__Assignment__. Your output should be exactly the lines from the one containing "Teenager playing electric" through the final line of the following data, please, with no pictures.

▬▬▬▬▬▬

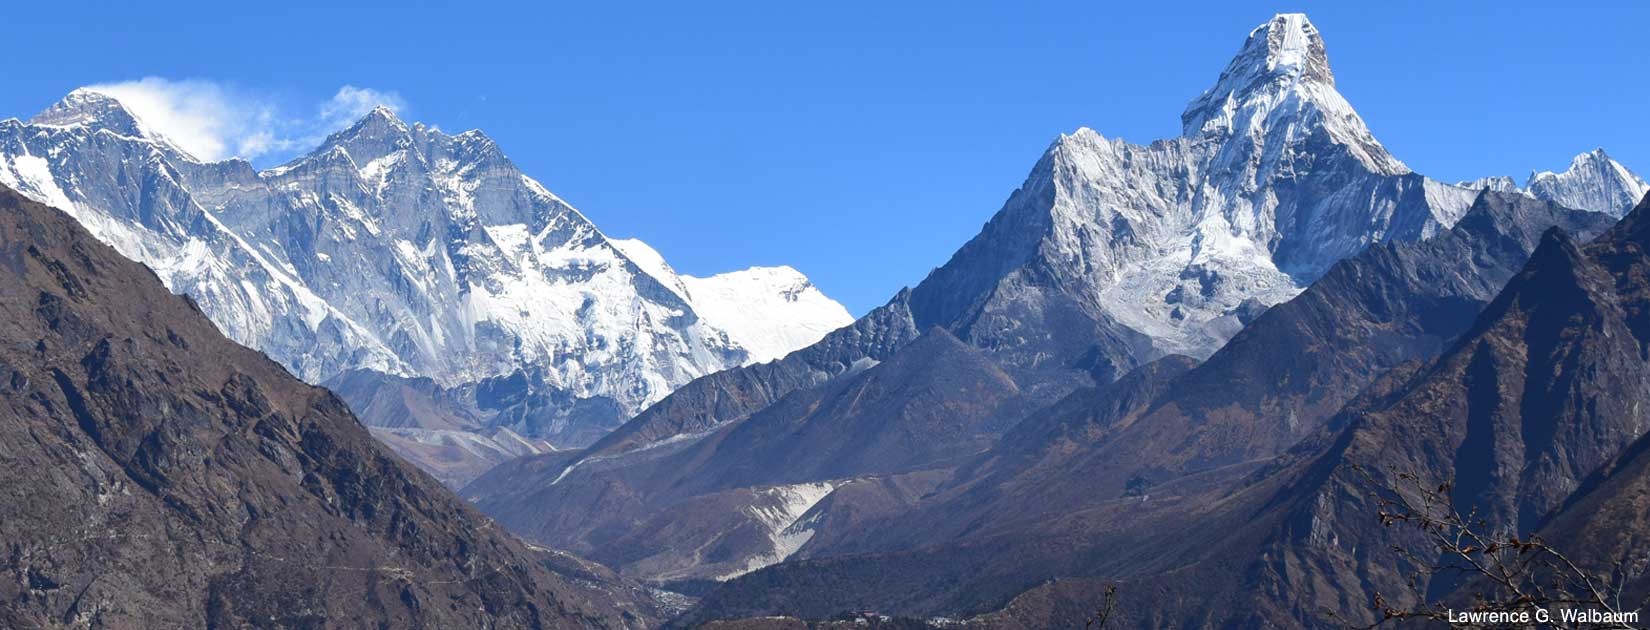 View of Mt Everest and Amadablam from Namche bazar
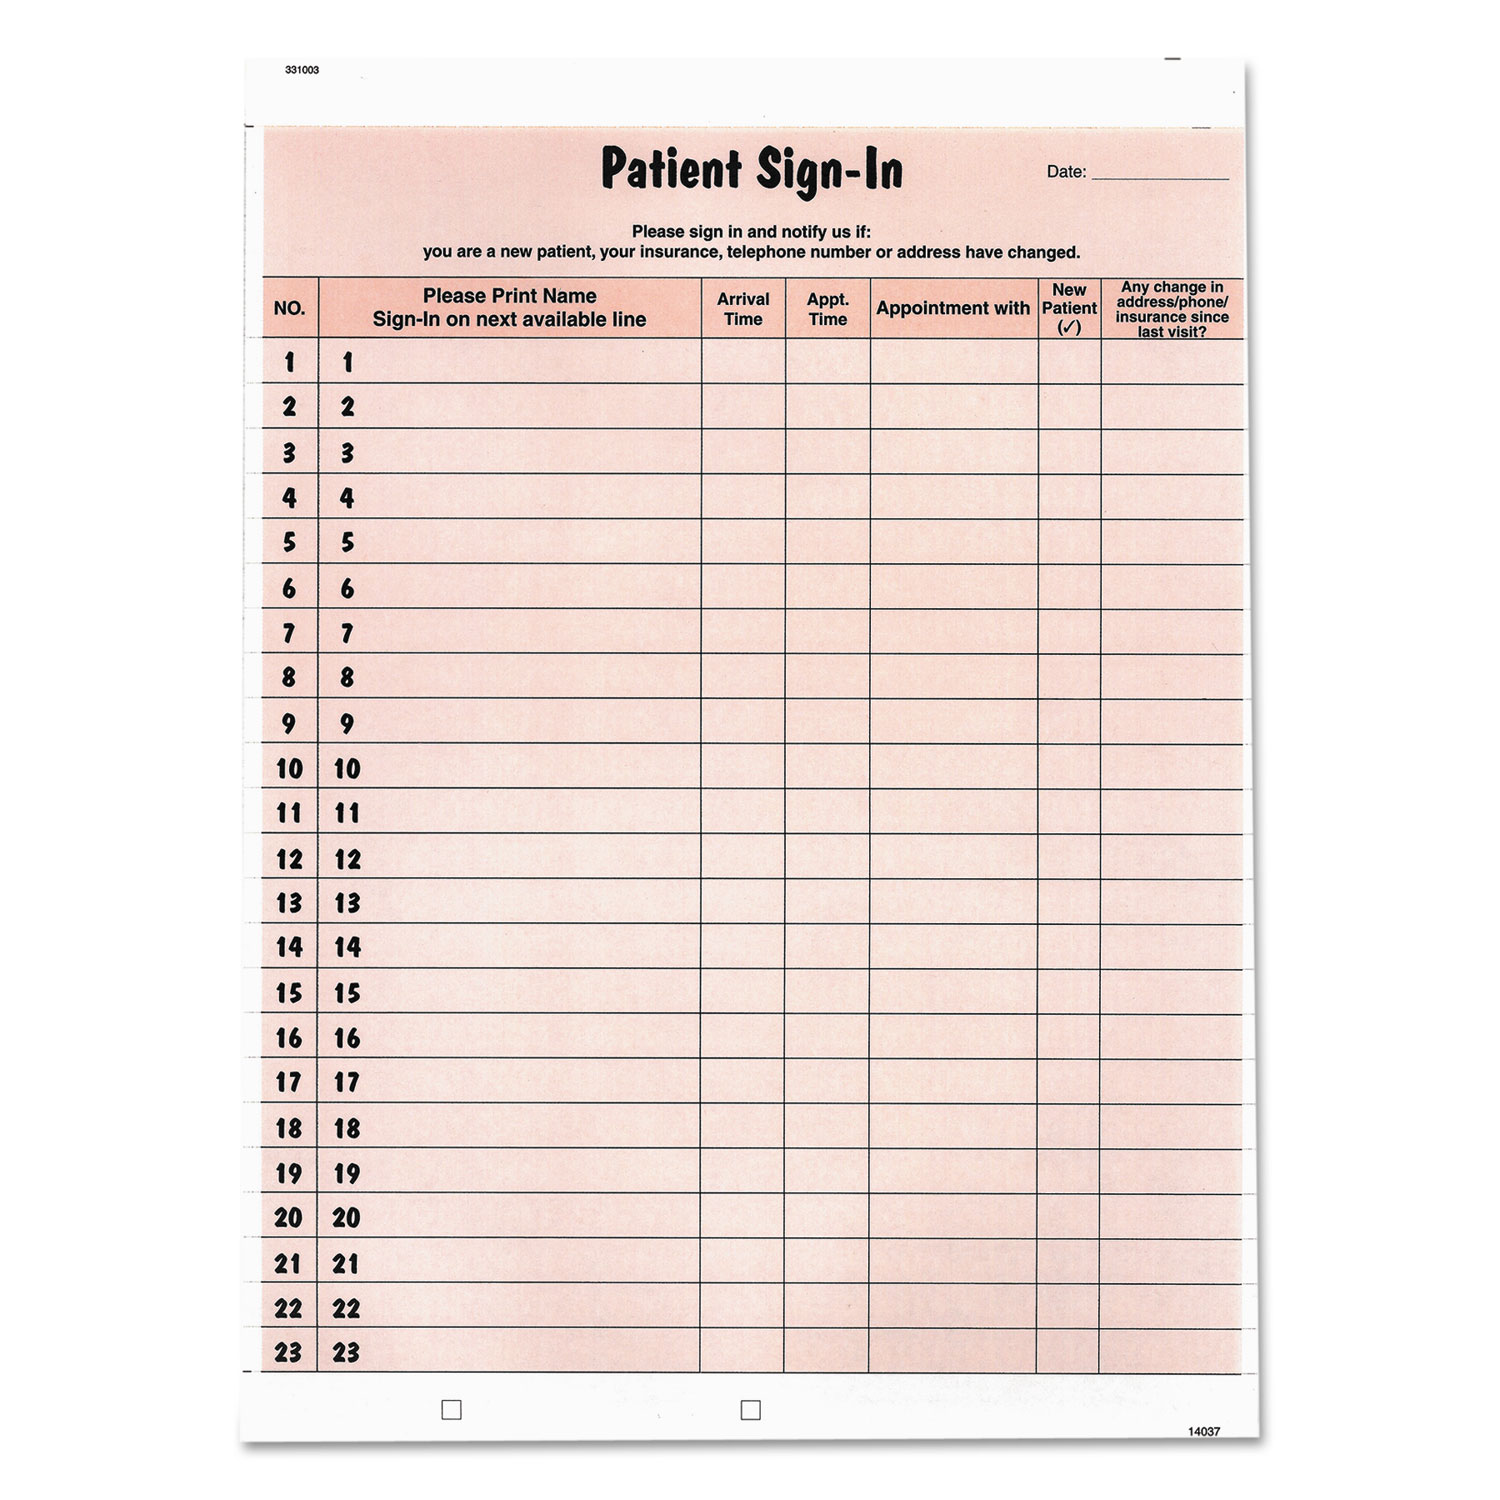 Patient Sign-In Label Forms, Two-Part Carbon, 8.5 x 11.63, Salmon Sheets, 125 Forms Total
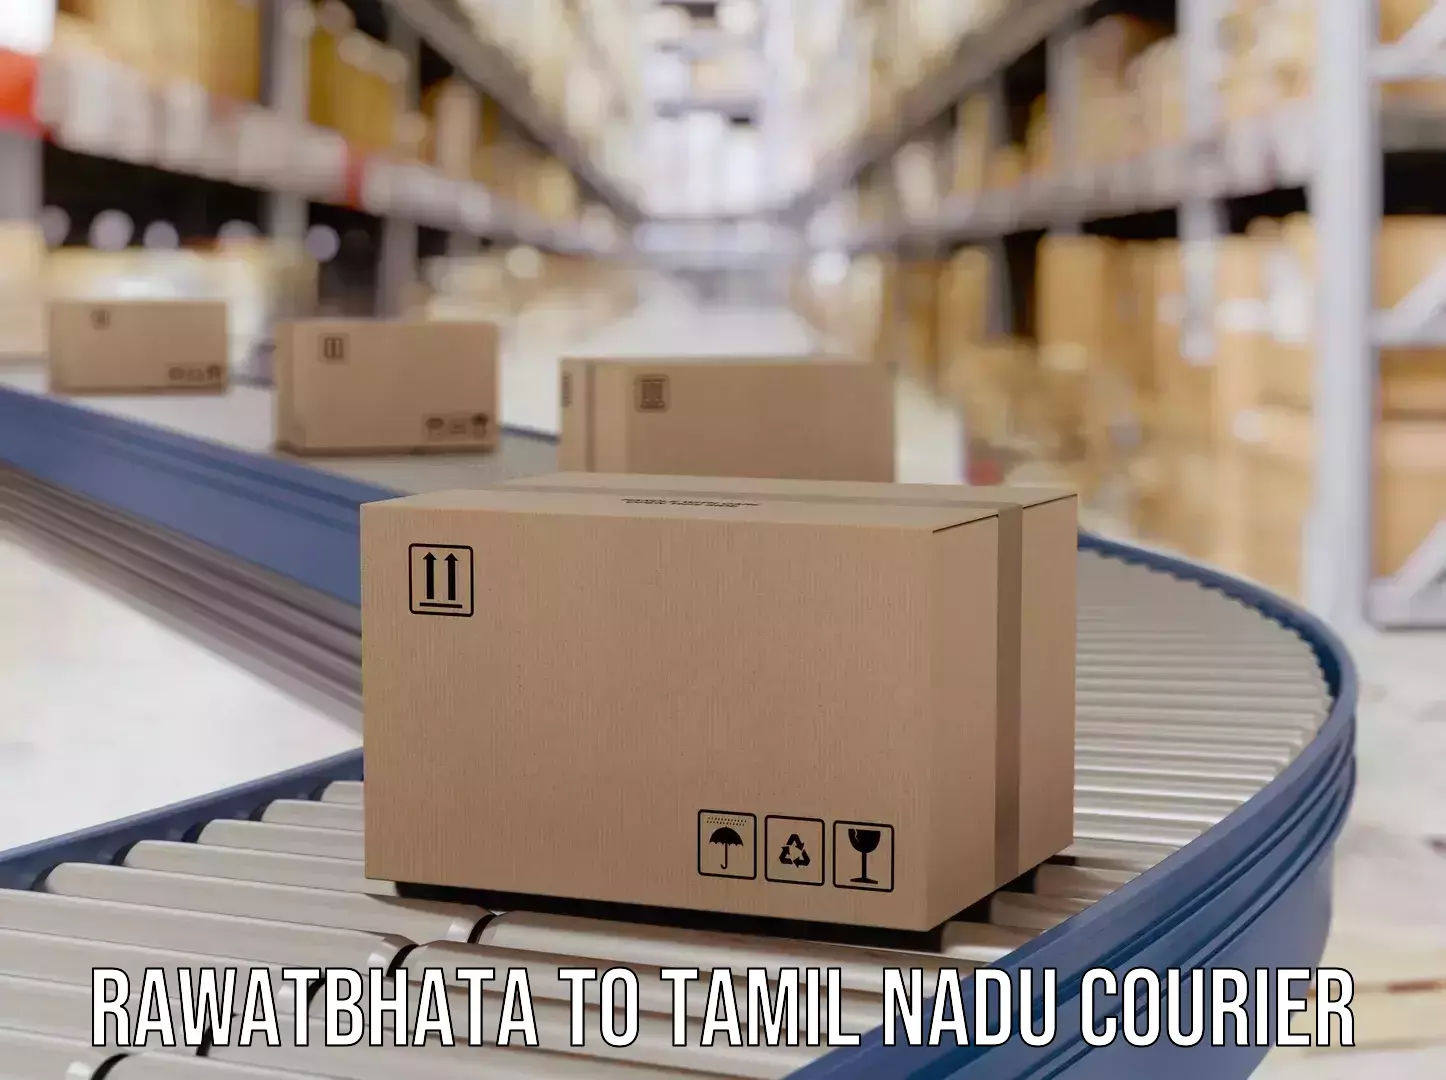 Nationwide delivery network Rawatbhata to Tamil Nadu
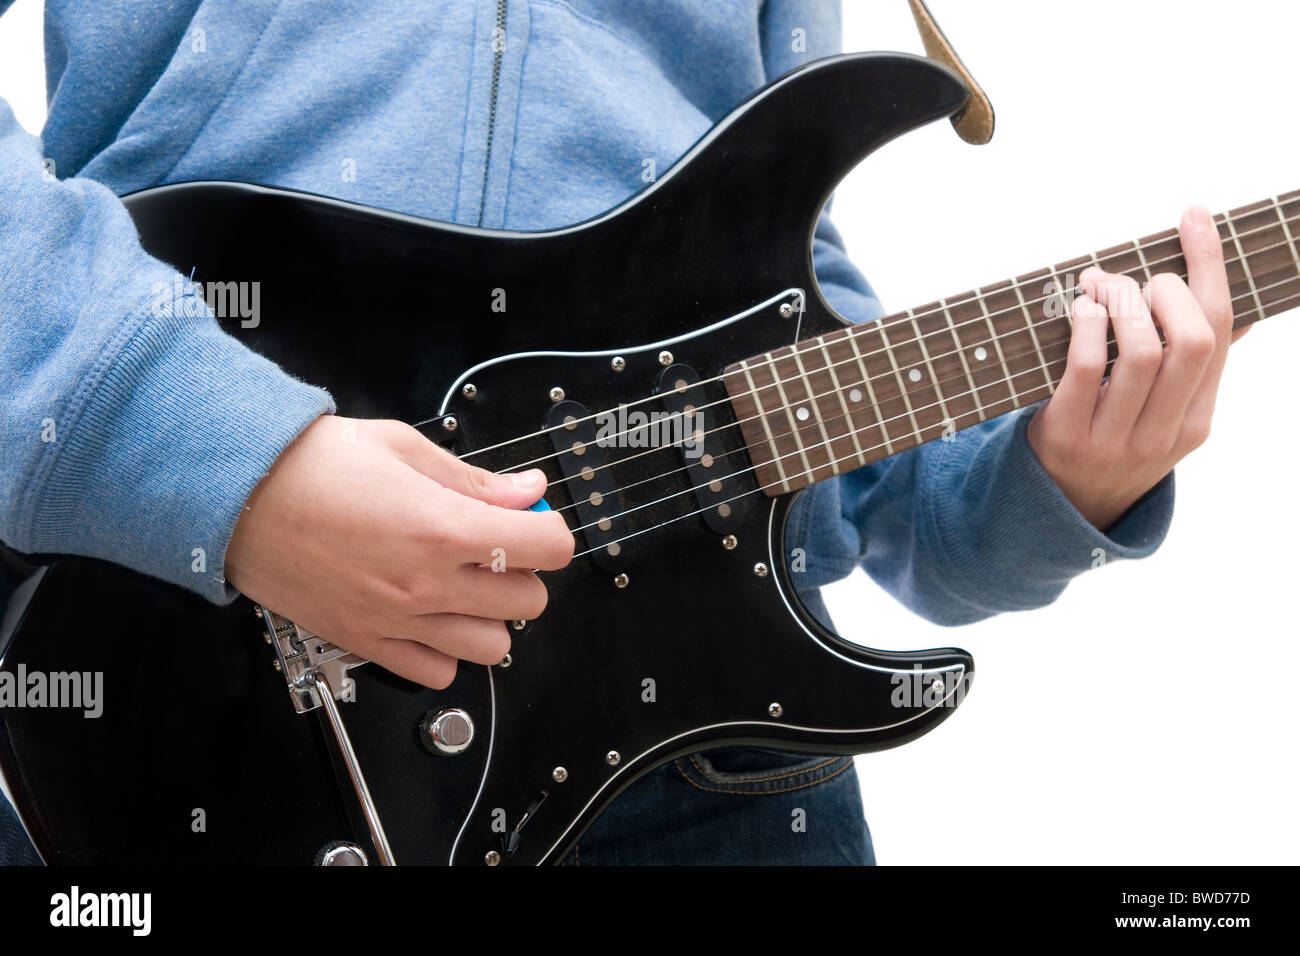 Teenager playing electric guitar on white background Stock Photo
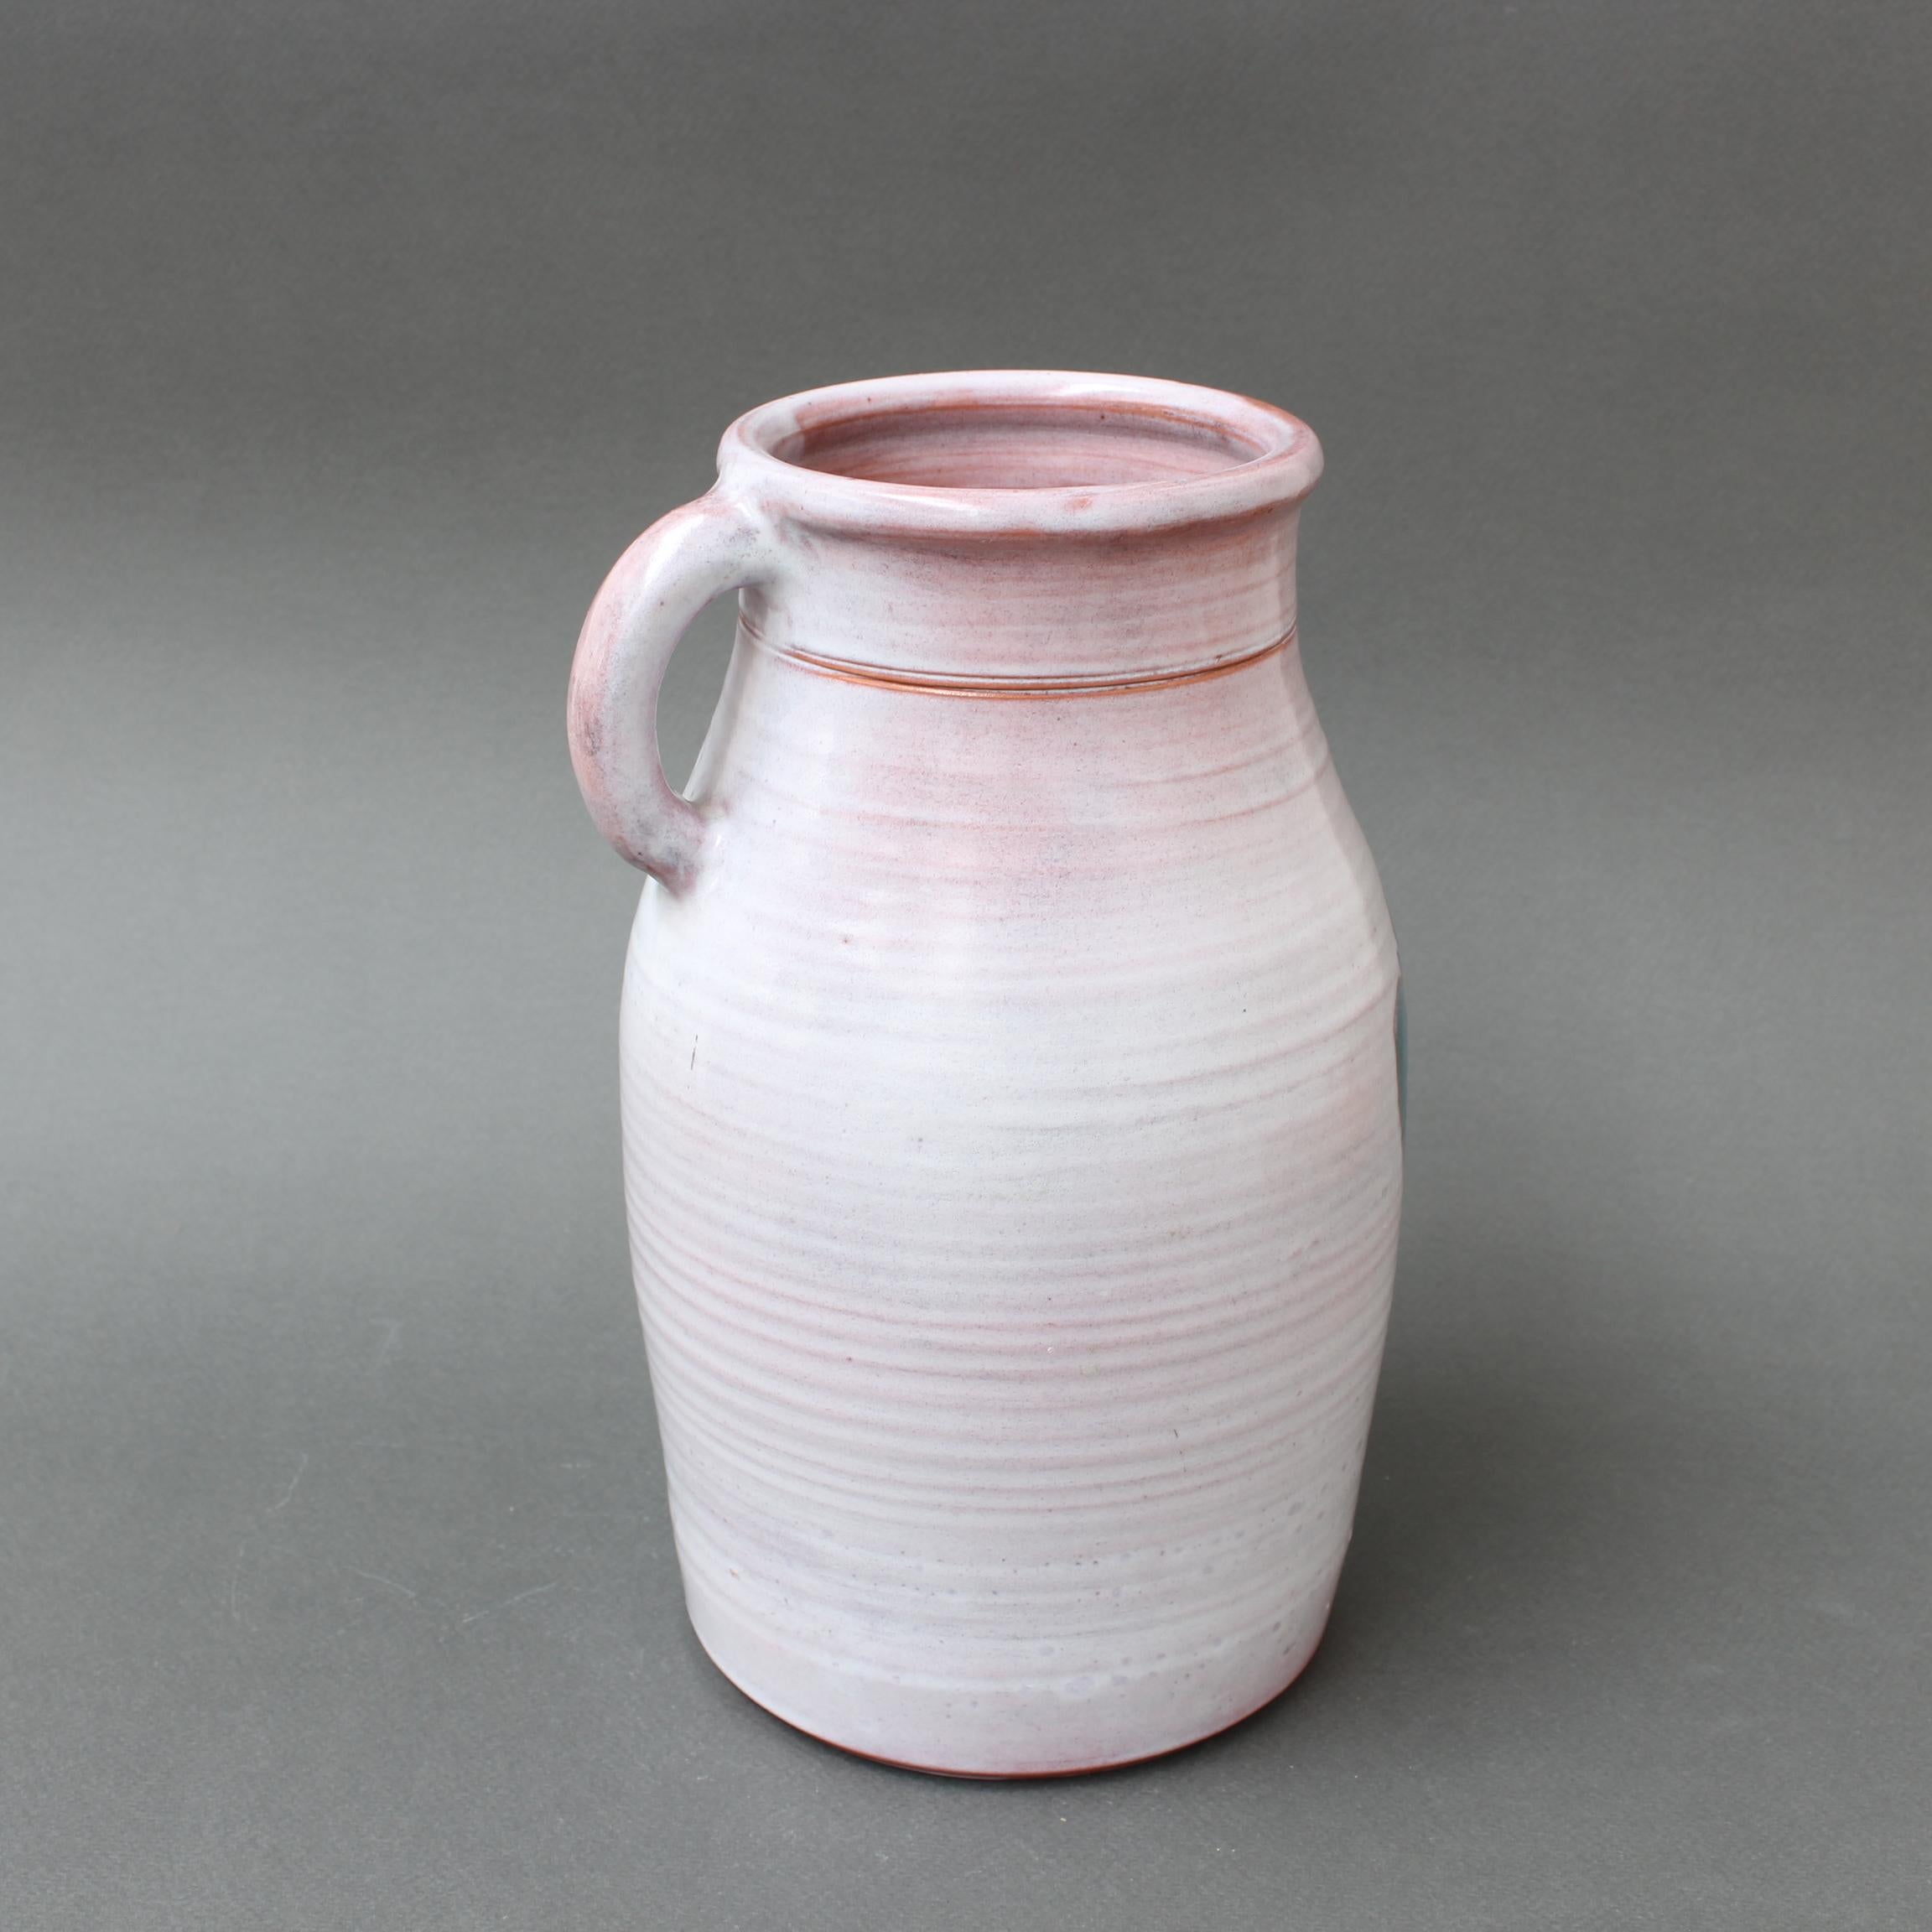 Late 20th Century Vintage French Ceramic Pitcher by Cloutier Brothers (circa 1970s) For Sale

▬▬▬▬▬▬

__Answer box__.
 Teenager playing electric guitar on white background Stock Photo
 Late 20th Century Vintage French Ceramic Pitcher by Cloutier Brothers (circa 1970s) For Sale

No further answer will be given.